When I stopped blogging I thought maybe the suffering is just in the Maximum Security. I gave Medium a try. For two years I really tried. I silenced my politics, my morals, my values; I tried to fit in and ‘do it the CSC’s way’. I tried to be the ‘offender’ they tell me I am and to get out of this prison by following their path. I didn’t get anywhere but trapped in a negative prison culture and climate of isolation which I believe is inherently intertwined with institutionalism. Institutionalism: when the prison system forces you community and family further away from you and you come to depend on the prison for social support, which it does not provide, so you start to sit alone, a lot, and wonder why.

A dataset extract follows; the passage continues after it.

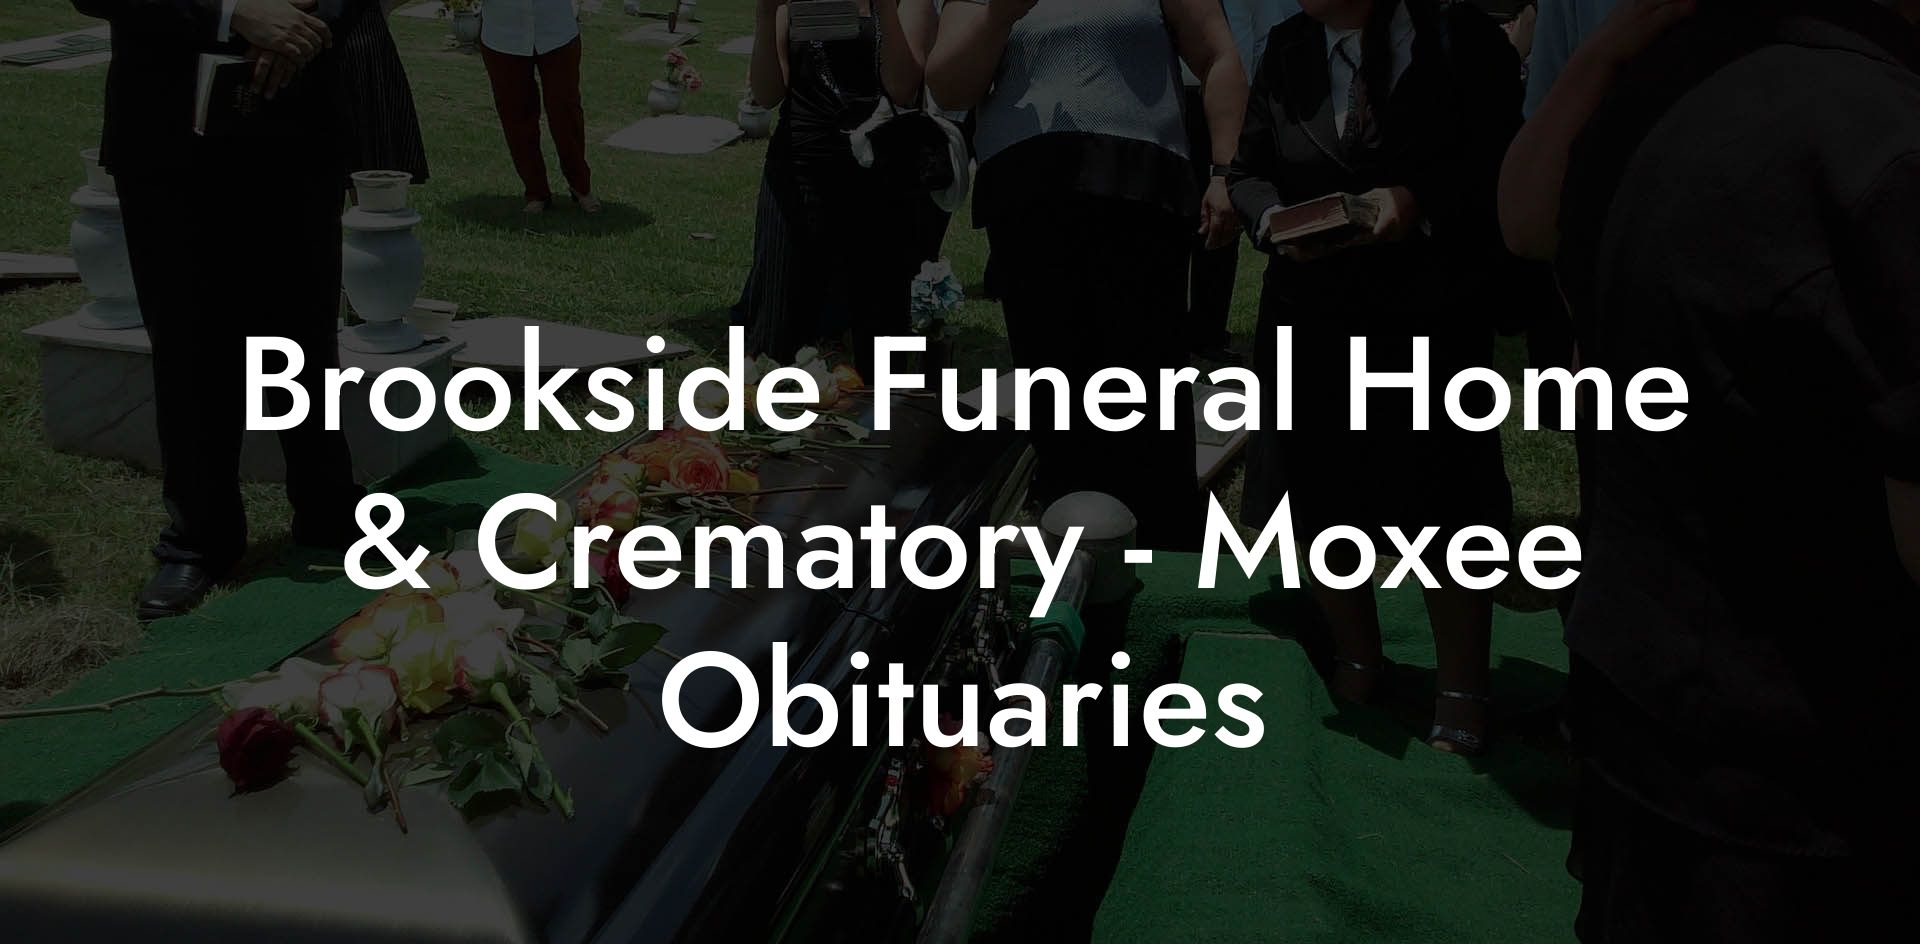 Brookside Funeral Home & Crematory - Moxee Obituaries

I came into this system very naïve, believing most people were essentially good, but that some were bad, but they could be exposed. Now I believe, ya, in the right environment people are essentially good. But I also believe that indifference is the toxin that can poison any heart, community and social structure. And indifference grows were communication is not. And good people may be indifferent and bad things. So 2 years later, I commit to communicating again, from a worse version of this system I came into; a system eroded by budget cuts and flawed Conservative crime policies and rhetoric.
I commit to contributing to a public narrative about a public institution, to communicate in the hope of fostering care. Crime and prisons can be such polarizing topics and years in prison have indeed made me question everything I once believed about humanity. Still, something in me says, speak. Communicate and people will care. Without a relationship between imprisoned and free people, without dialogue, all that can exist is stigma and harm.
So, here it will be. Over the next few weeks I will also release a lot of material, I have done all the writing, I have never stopped. I was just too scared and broken to do anything with it. Some events I am sharing will include:
*Employees putting us down, demeaning and threatening us
*Guards collaborating with imprisoned women to set up other women
*The criminalization of LGBTQ/Two Spirited people in this prison
*Women waking up with guards in their cells
* The breakdown of the grievance system
*Employees using the institutional disciplinary system, absent policy, and as a tool to harm us all
*Management turning a blind eye to it all
This blog is dedicated to Shay for giving me my voice back and so much more.